Élection : régler une question de fonds

Élection : régler une question de fonds

Les textes en vigueur ne permettent pas encore la règlementation du financement des partis et des campagnes électorales. Un tel manque entame pourtant la légitimité des scrutins.

À près d’un an et demi de la prochaine élection présidentielle, le chantier relatif à la réglementation du financement des partis et celui des campagnes reste encore ouvert. Le décret d’application de la loi sur les partis y afférent n’est pas encore adopté six mois après le vote du texte au Parlement.

L’élaboration de la loi sur les partis, suivie de l’adoption du décret relatif au financement des partis et des campagnes électorales ainsi qu’au contrôle de la transparence dans la gestion des ressources comme corollaires, devait concrétiser un peu plus le processus d’assainissement de la société politique. « Le champ d’application dudit décret vise principalement à réglementer la transparence du financement de la vie politique malgache », résume Manuel Wally, expert juridique international, dans une étude comparative concernant la réglementation du financement des partis politiques et des campagnes électorales en décembre. Mais il n’en est rien. L’atermoiement, pour une raison ou une autre, dans l’adoption du texte, contribue à ouvrir un boulevard pour une campagne encore plus dispendieuse en 2013. Les chiffres repris par Manuel Wally dans son étude sont édifiants, quand le chercheur effectue une étude comparative des dépenses électorales de certains candidats en lice dans plusieurs pays.
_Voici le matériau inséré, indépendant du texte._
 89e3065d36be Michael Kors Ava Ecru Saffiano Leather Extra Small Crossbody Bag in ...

À Madagascar, le candidat Hery Rajaonarimampianina avait une moyenne de dépense par voies obtenues de 21,50 dollars pour un pays ayant un PIB par habitant de 411 dollars. Le candidat à l’élection présidentielle français de 2012, François Hollande, avait eu une moyenne de dépense par voies obtenues de 1,21 euro pour un PIB par habitant s’élevant à 35 248 dollars. En Tunisie en 2014, le candidat à la course à la magistrature suprême, Béji Caïd Essebsi, avait utilisé un budget plafonné à 530 000 euros, avec une moyenne de dépense par électeur estimée à 0,30 euro pour un PIB par habitant de 3 872 dollars. À l’heure actuelle, tout un chapitre de loi touchant le financement des partis, y compris les subventions étatiques, et le contrôle de la transparence dans la gestion des ressources est discuté. « Tout cela ne contribue pas à instaurer l’égalité des chances des candidats, faussant le jeu démocratique. Et il ne faut pas oublier le risque d’arrivée d’argent dont l’origine est douteuse, sans parler des contreparties attendues par les généreux donateurs aux élus », déplore Thierry Rakotonarivo, administrateur civil, vice-président de la Commission électorale nationale indépendante (Ceni).
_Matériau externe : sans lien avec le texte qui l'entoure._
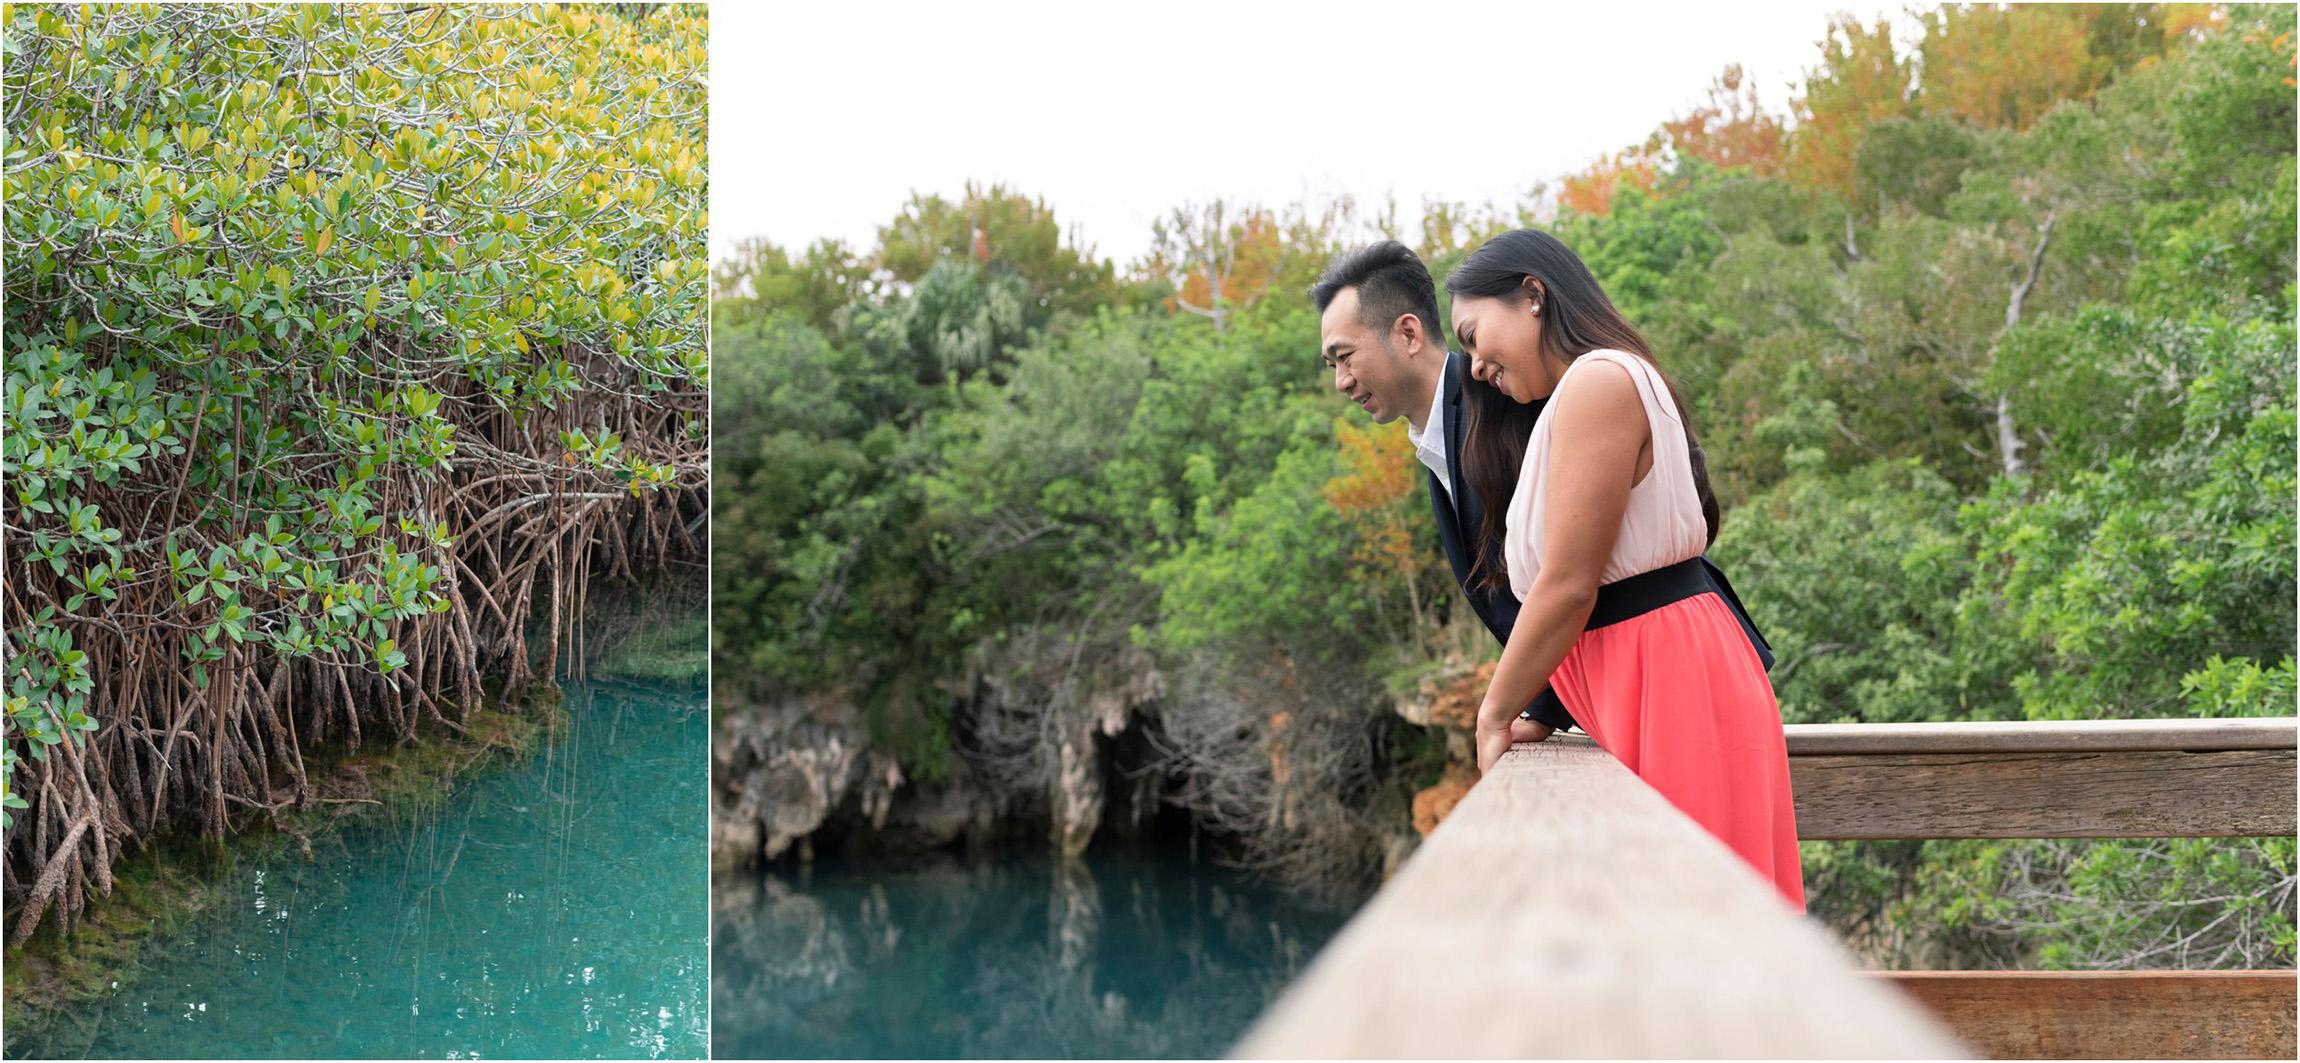 ©FianderFoto_Bermuda Engagement Photographer_Tom Moores Jungle_Owen_Chanson_011.jpg

Et ce ne sont pourtant pas les  projets de décret qui manquent. Deux ou trois propositions avaient été remises au gouvernement ces six dernières années. Mais aucune d’entre elles n’a abouti, marquant la question concernant la volonté du régime de régler la question. Le rapport final de la mission d’observation électorale de l’Union européenne en 2013 avait pourtant été clair concernant les chantiers à entreprendre. Il suggère un cadre juridique à compléter « par la création de mécanismes de contrôle, par le plafonnement des dépenses de campagnes électorales, par la définition de sanctions en cas de dépassement du plafonnement, et par une règlementation des mouvements de fonds et des comptes de campagnes ». Il met en exergue l’obligation pour les candidats de publier leurs sources de financement et leurs dépenses « pour un contrôle a posteriori des comptes de campagne électorale ».

Mohamed Rachidy, vice-président du Hery vaovao ho an’i Madagasikara (HVM) réfute l’hypothèse d’un manque de volonté du régime et rejette la responsabilité sur la Transition. « Le blocage ne vient pas du gouvernement actuel. Tout part de la confection même du texte durant la Transition. Par calculs politiques, la définition même d’un parti retenue prête à confusion », assène le conseiller spécial du président de la République qui se pose des questions sur la responsabilité des partis à honorer leurs obligations.  « Combien de partis ont pu présenter leur rapport d’activités, réaliser un programme d’éducation citoyenne ? », se demande-t-il. Le membre du bureau politique du HVM assure que son parti « est prêt » à procéder à une réforme du texte principal tout en lançant quelques pistes de réflexion. « Nous suggérons une règlementation du cas des délégués des candidats, que cela soit leur formation et encore leur indemnisation. Régler ce problème constitue un pas visant à assurer l’égalité des chances des candidats. Pour les subventions, il faudra voir comment on va mettre en place les subventions pour les partis, avec quels critères et avec quels types d’activités à financer », conclut-il.